▼▼▼

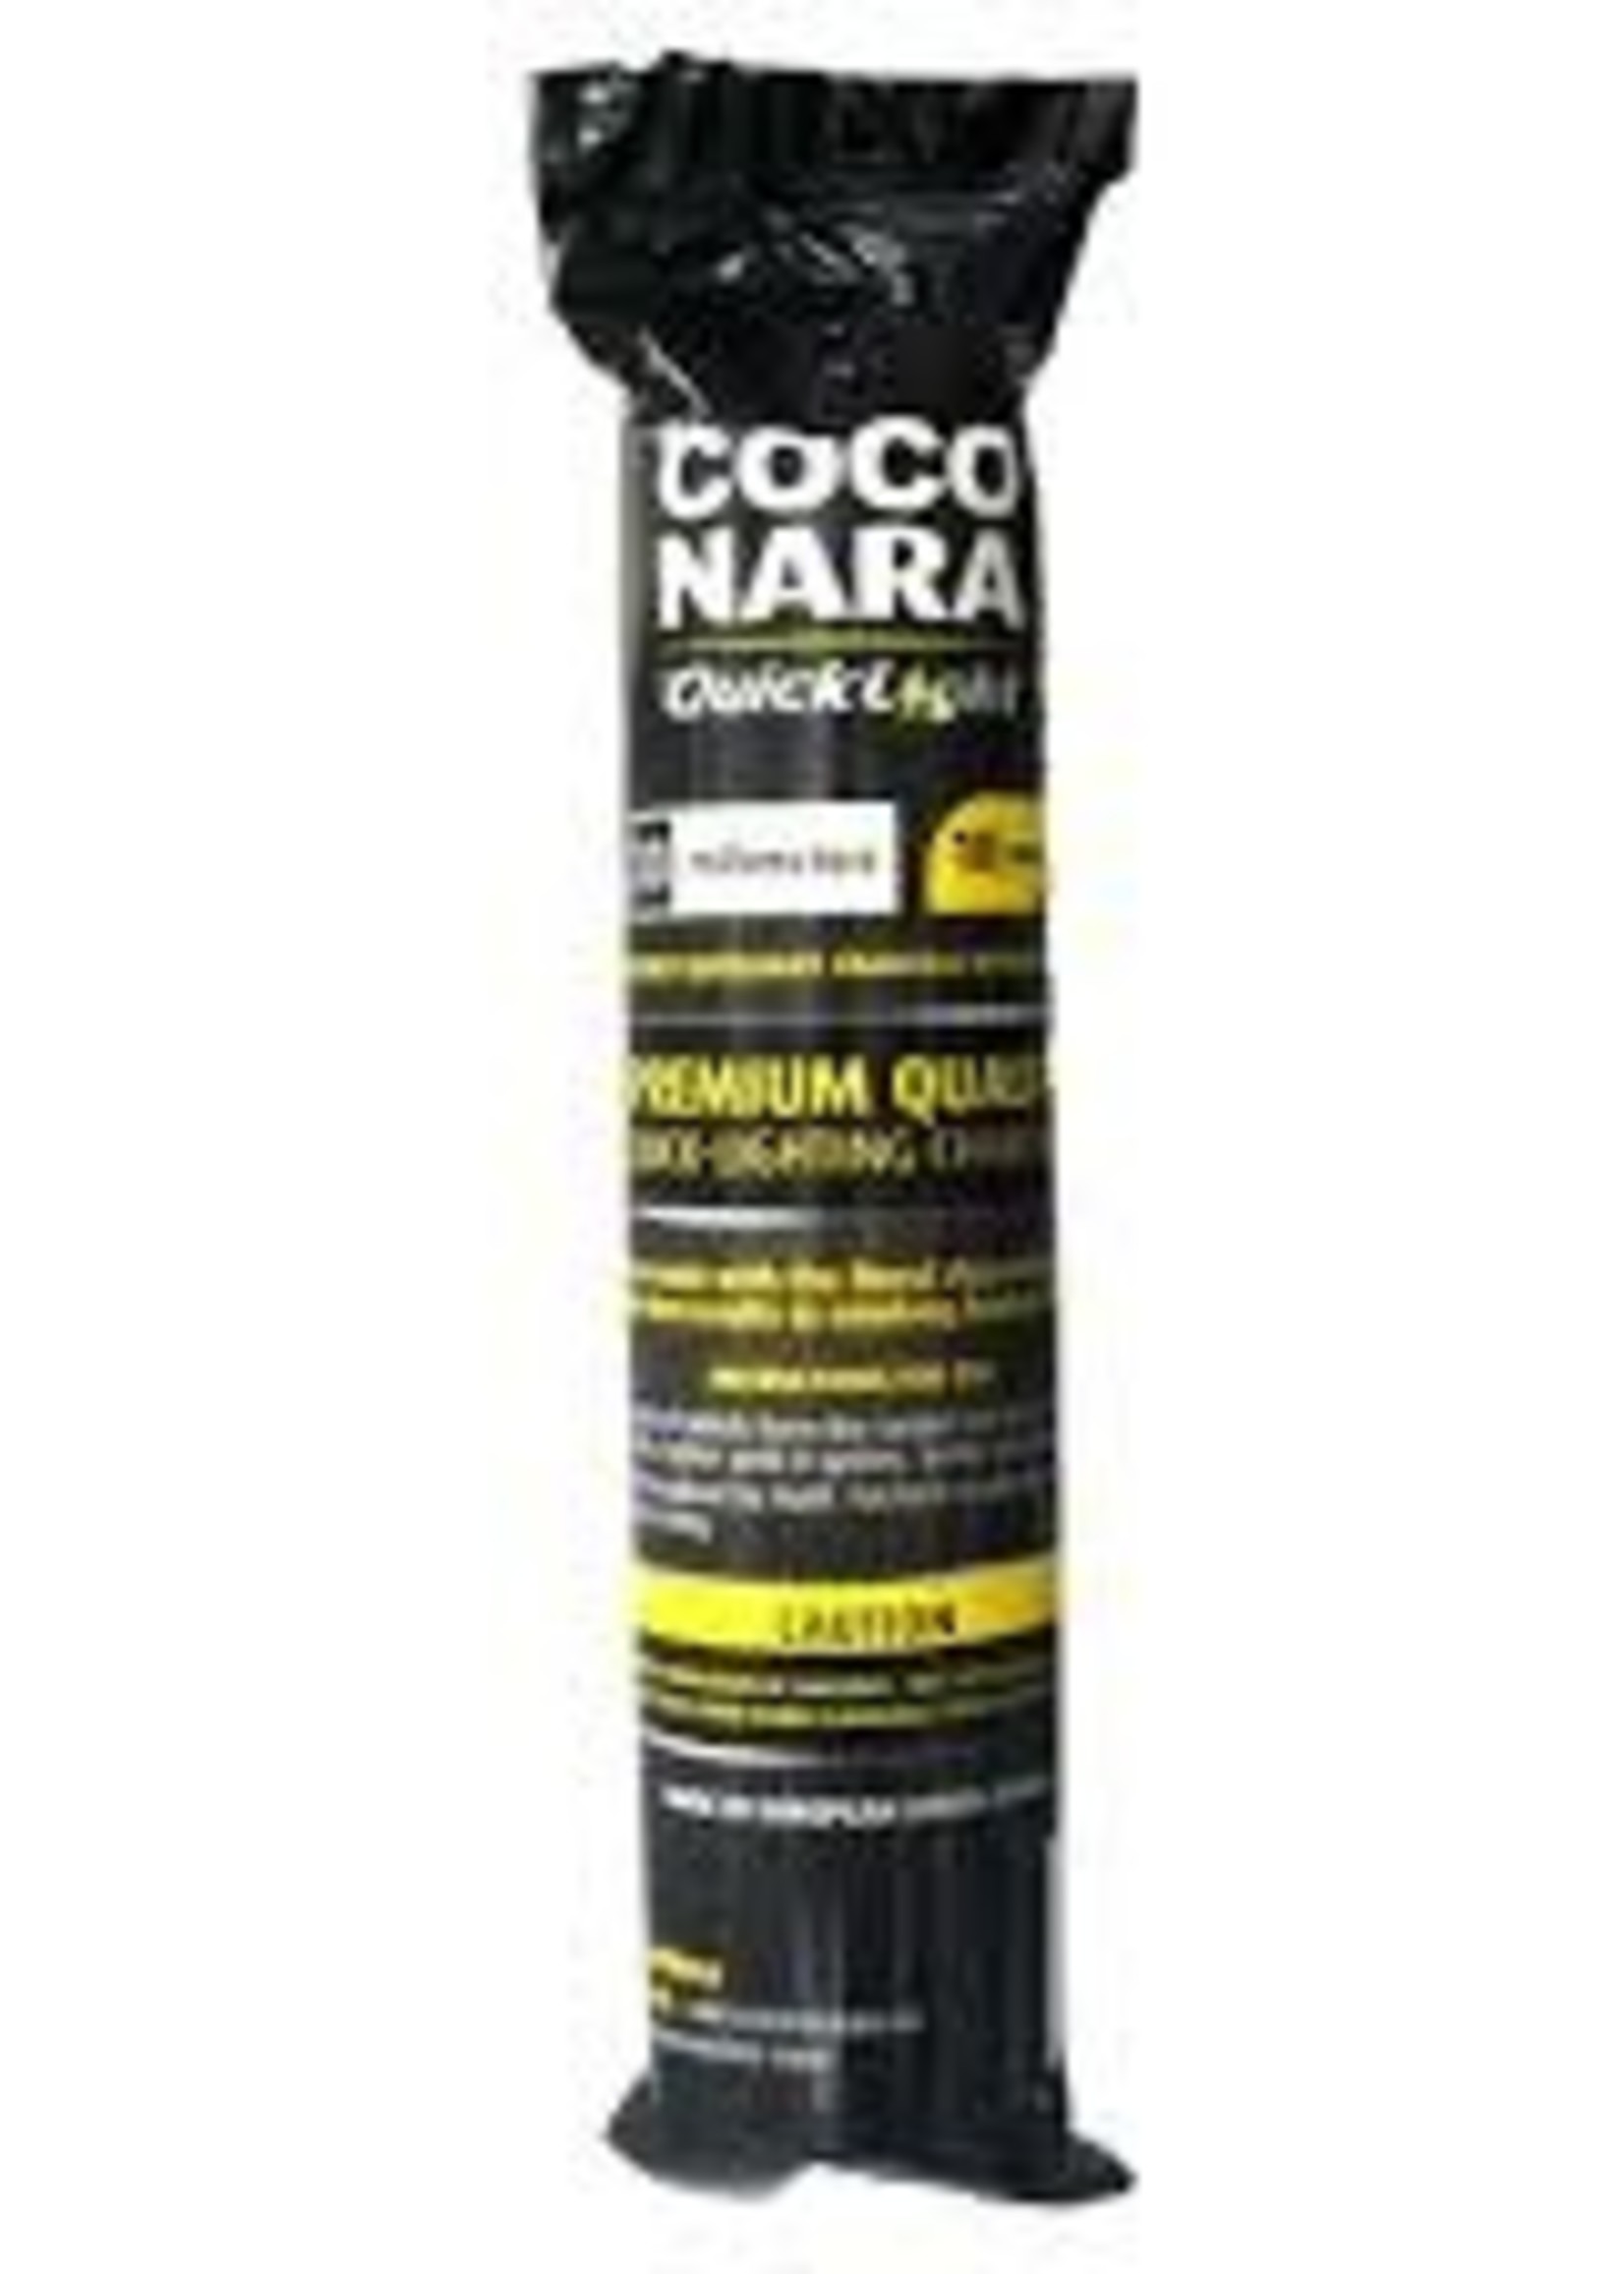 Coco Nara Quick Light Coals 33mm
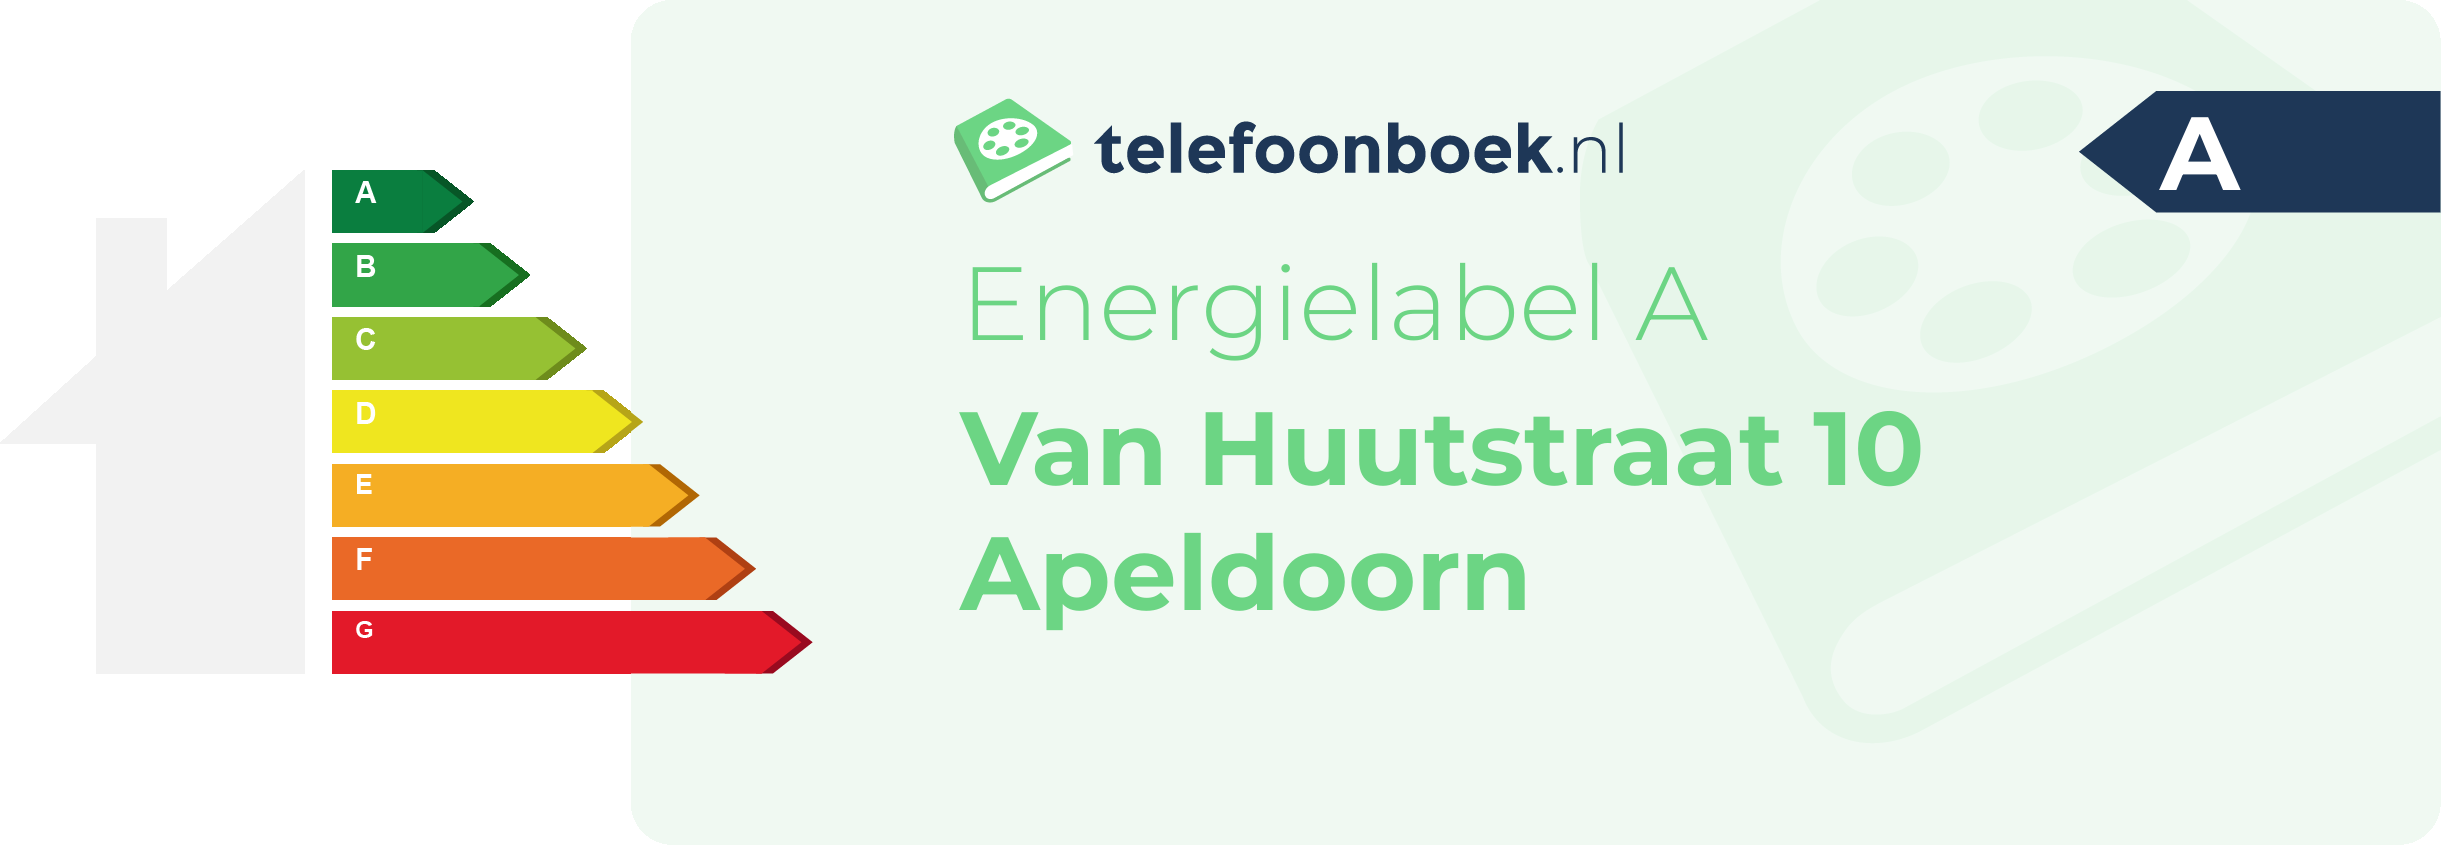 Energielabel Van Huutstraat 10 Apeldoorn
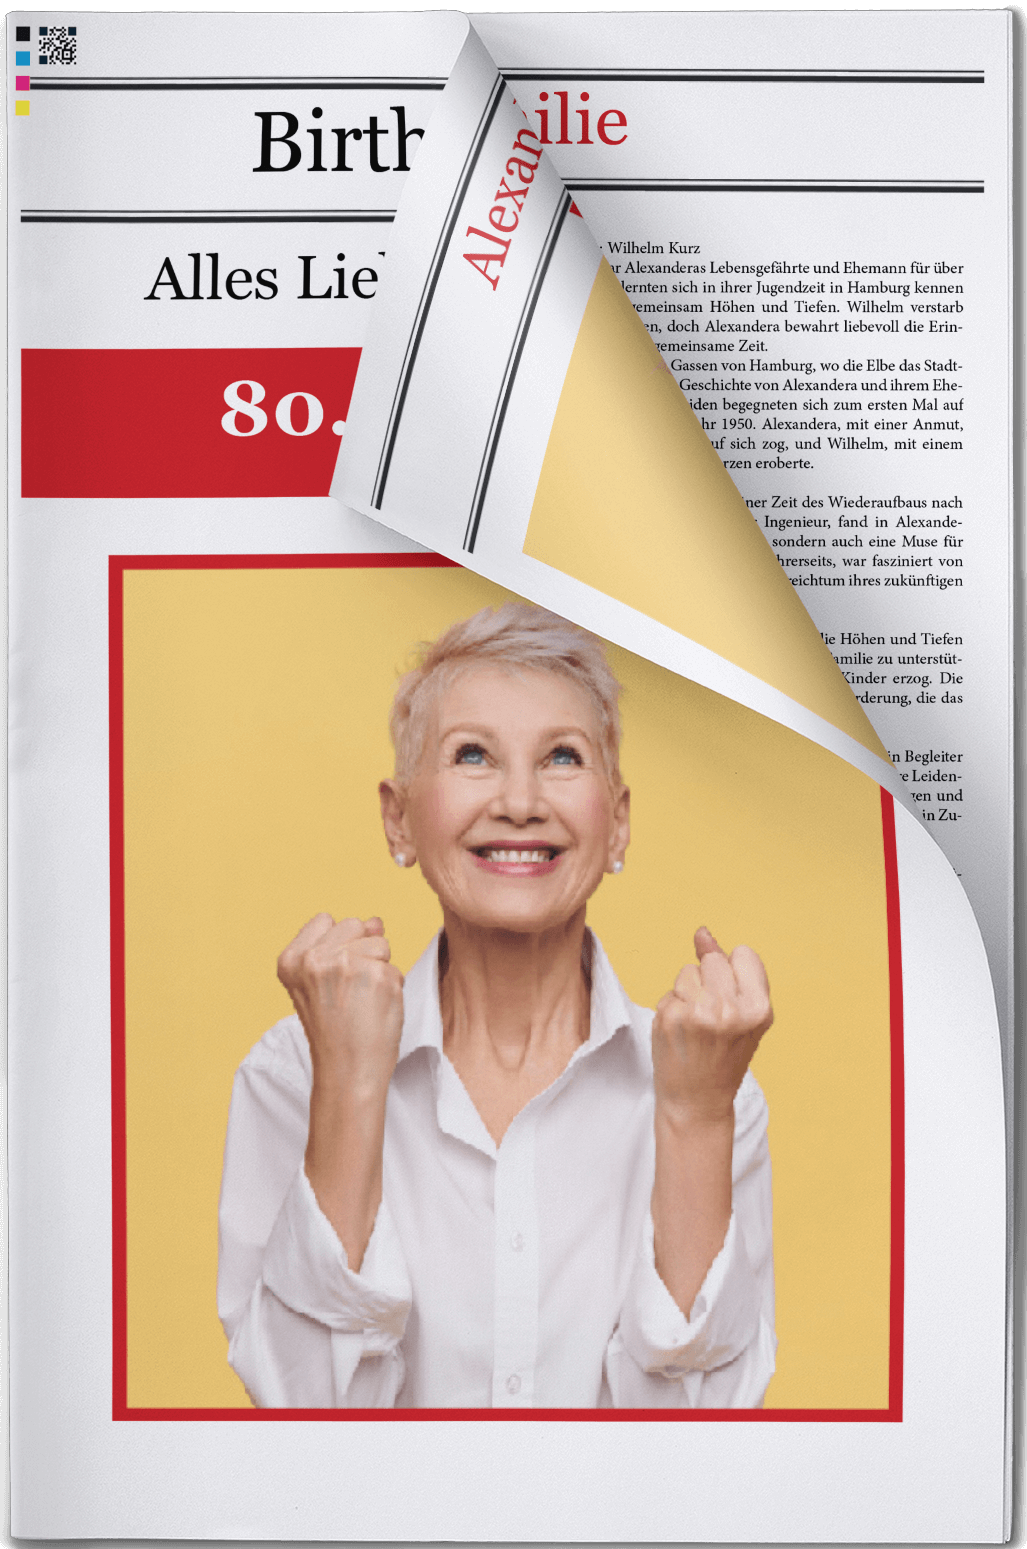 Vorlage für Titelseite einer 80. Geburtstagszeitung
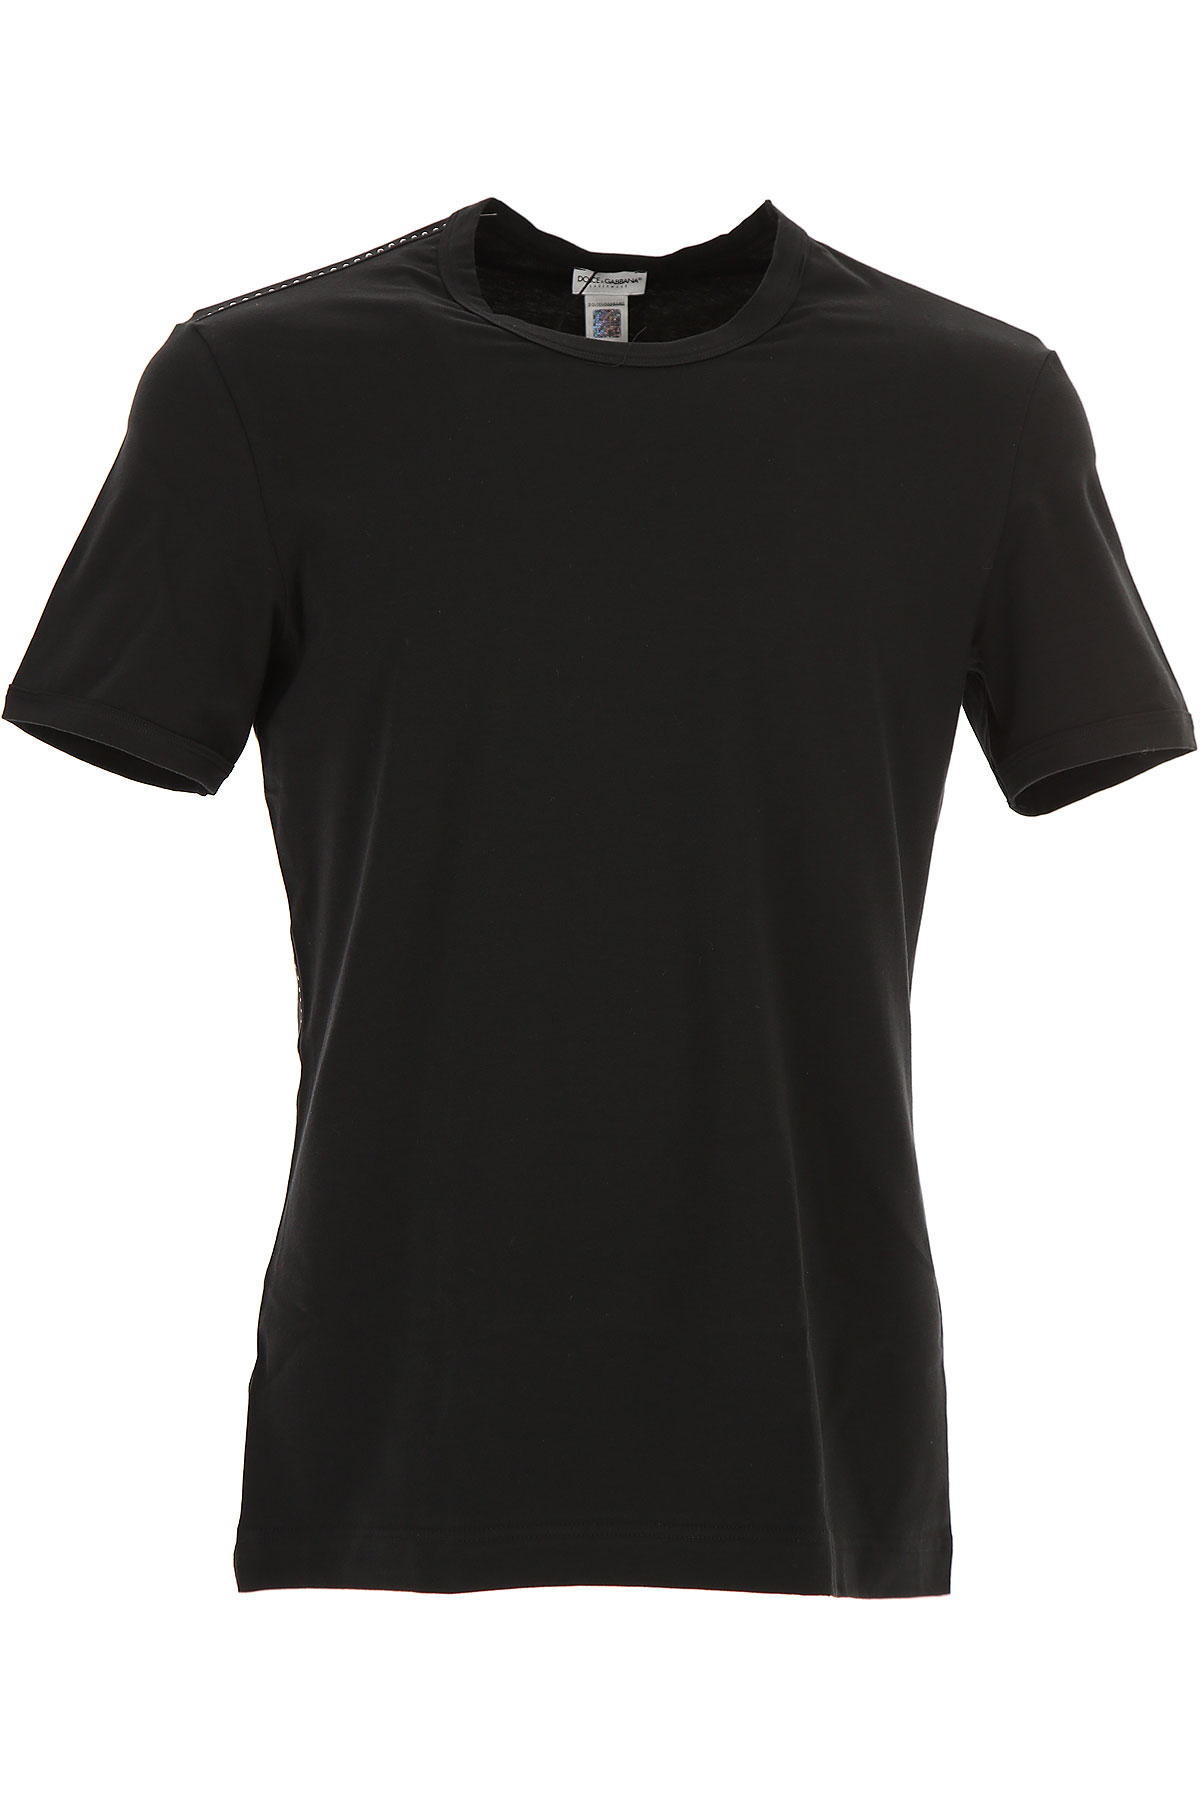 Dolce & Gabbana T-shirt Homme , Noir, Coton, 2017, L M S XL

▲▲▲

ABOUT THIS TASK: Exclude the pictures. Write out the remaining data exactly.

ANSWER SECTION:
 Coco Nara Quick Light Coals 33mm
 Energielabel Van Huutstraat 10 Apeldoorn
 Vorlage für Titelseite einer 80. Geburtstagszeitung
 Dolce & Gabbana T-shirt Homme , Noir, Coton, 2017, L M S XL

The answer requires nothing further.